The Belgian sport director of Discovery Channel is in talks with the troubled Astana team to take over as general manager just weeks after announcing he would retire from cycling at the end of the 2007 season.
Bruyneel confirmed he’s been contacted by officials from the Astana team to join the Kazakhstan-sponsored squad for the 2008 season and beyond.
“It’s true I’ve had conversations with them but I’ve just returned from vacations and I haven’t had a chance to fully consider it,” Bruyneel told journalists ahead of Saturday’s start of the Vuelta.
A message posted by Discovery Channel press officer PJ Rabice on thepaceline.com also confirmed contacts between Bruyneel and Astana.
“In a brief phone conversation with Johan Bruyneel he confirmed to me that he was in fact contacted by the Astana Team with an offer to manage the Team beginning in 2008,” the statement read. “However, he had just returned from holiday and knew too little about the offer at this time to say whether it is a consideration.”
Bruyneel, who won eight of the past nine Tours de France as a sport director, announced he would retire at the end of the 2007 season after efforts to find a new sponsor to pick up the team’s budget ended without success.
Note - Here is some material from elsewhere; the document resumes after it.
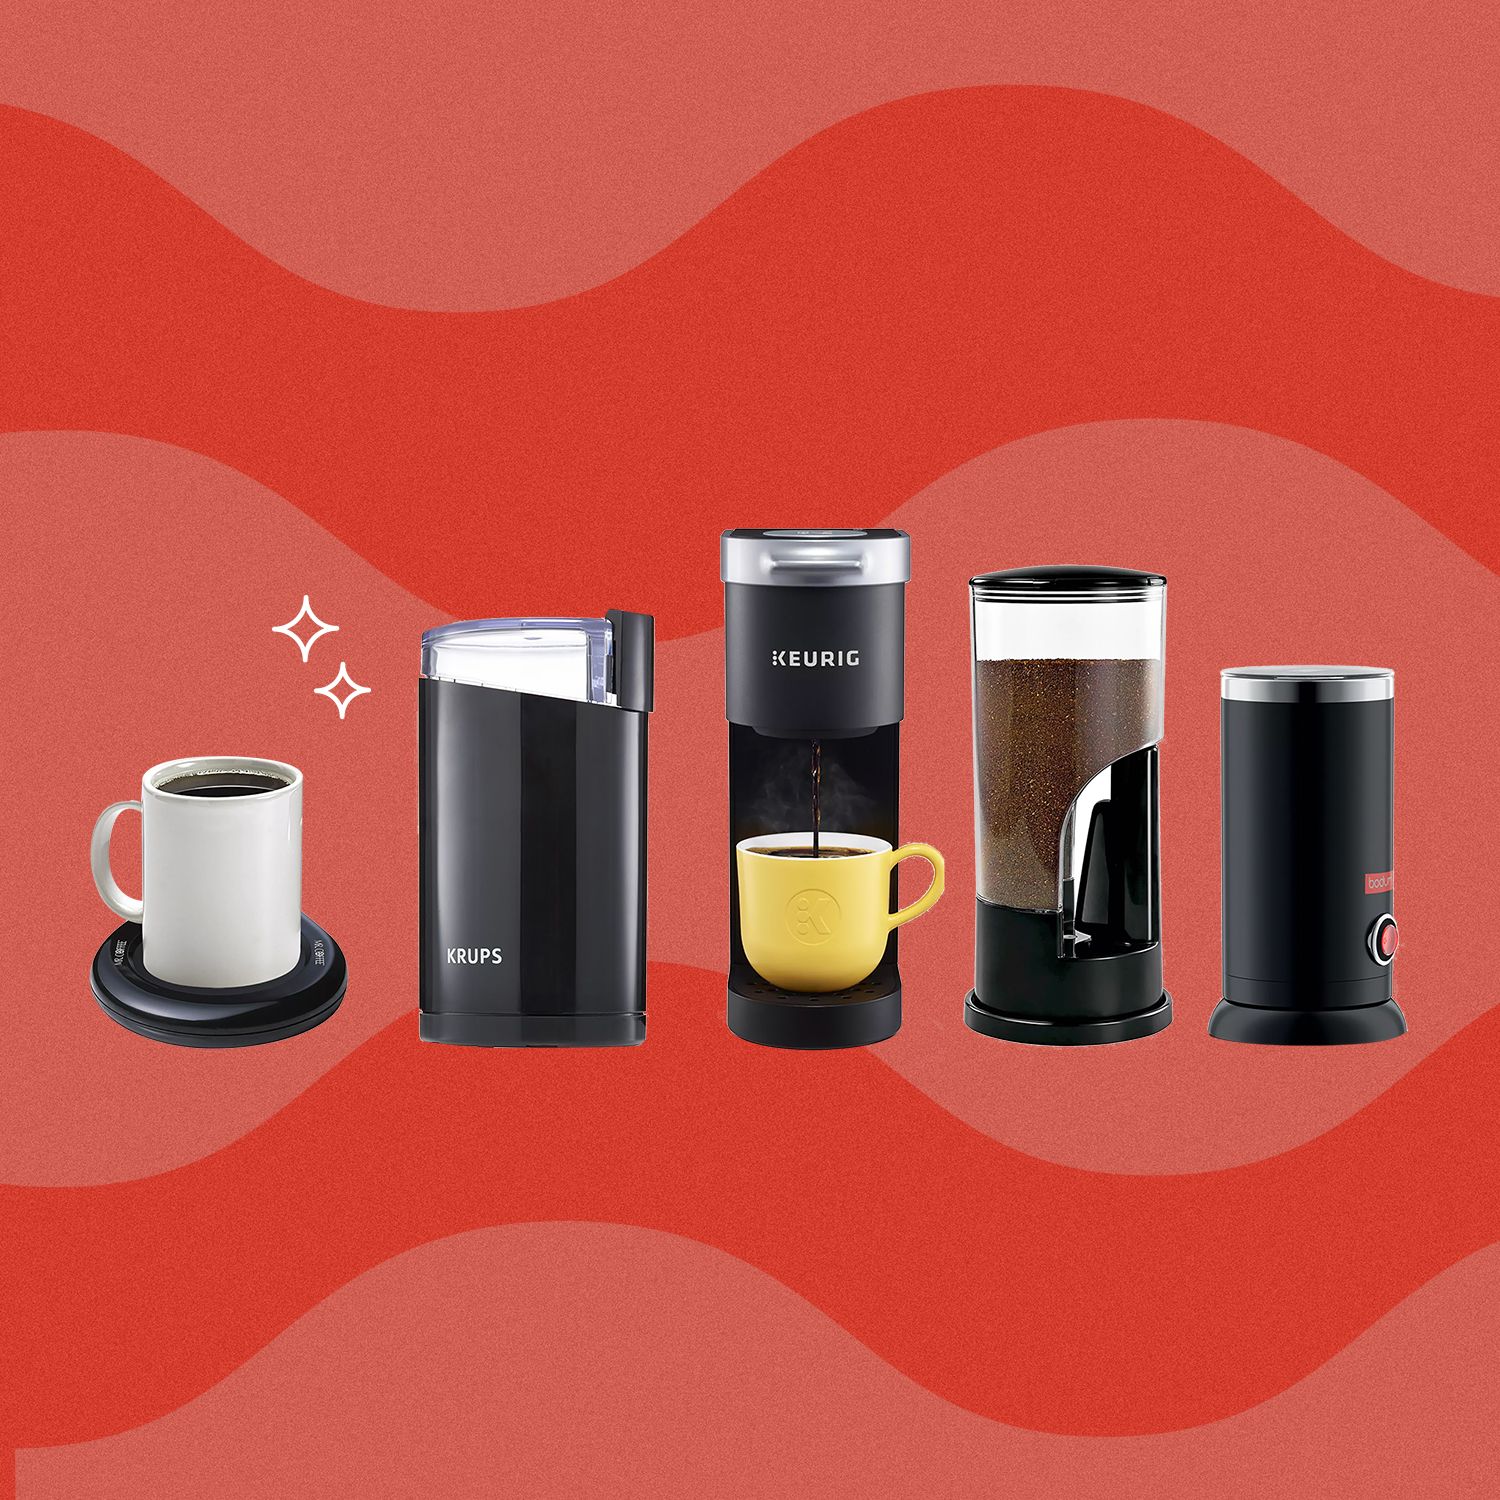 11 Interesting Coffee Accessories and Gadgets For Coffee Lovers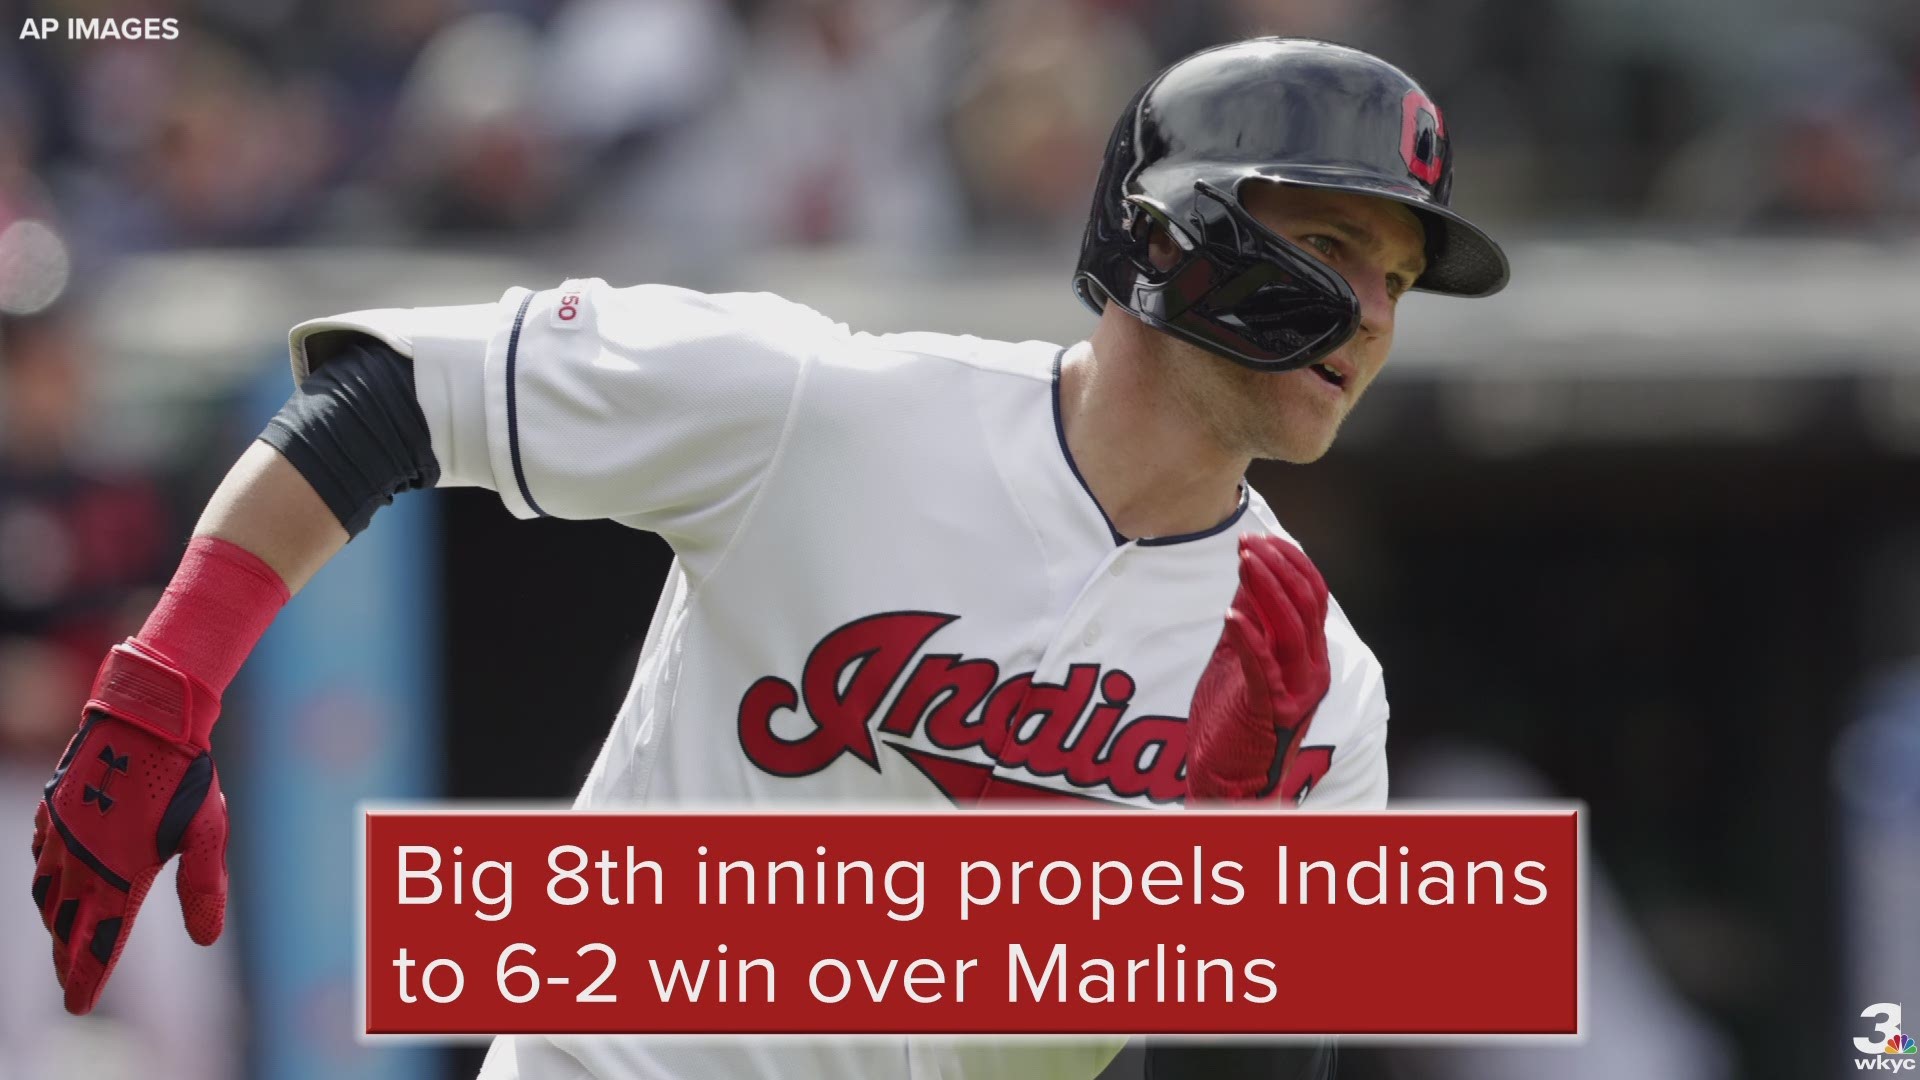 Jose Ramirez recorded 4 RBIs as the Cleveland Indians picked up a 6-2 win over the Miami Marlins.

There were also unconfirmed reports that recently crowned Tour de France winner Alberto Contador and others from the soon-to-be disbanded Discovery Channel team could join Astana.
Sources close to Contador said the rider is considering several offers from teams and said he likely won’t make any announcements until after racing in the Tour of Missouri later this month in the United States.
Pereiro extends
Spanish rider Oscar Pereiro will stay with Caisse d’Epargne for the next two seasons after penning a contract extension to stay with the team through the end of the 2009 season.
Pereiro, second overall in the 2006 Tour de France, was mulling an offer from hometown team Karpin-Galicia but decided to stay with the ProTour team.
Gerolsteiner to reveal future
The future of the German ProTour team Gerolsteiner will be revealed Tuesday in a scheduled press conference with representatives with the title sponsor.
The team’s contract with the German water bottler ends at the end of the 2008 season, but officials are said to be reconsidering the future of the team following a string of high-profile doping scandals in Germany.
None of the Gerolsteiner riders have been implicated, but the otherwise negative climate surrounding the sport in German has been felt by the sponsor. Team manager Hans-Michael Holzcer told VeloNews that the sponsor was polling fans and customers about the validity of the sponsorship.
The team is currently racing at the Vuelta with a strong squad that includes Davide Rebellin and Stefan Schumacher.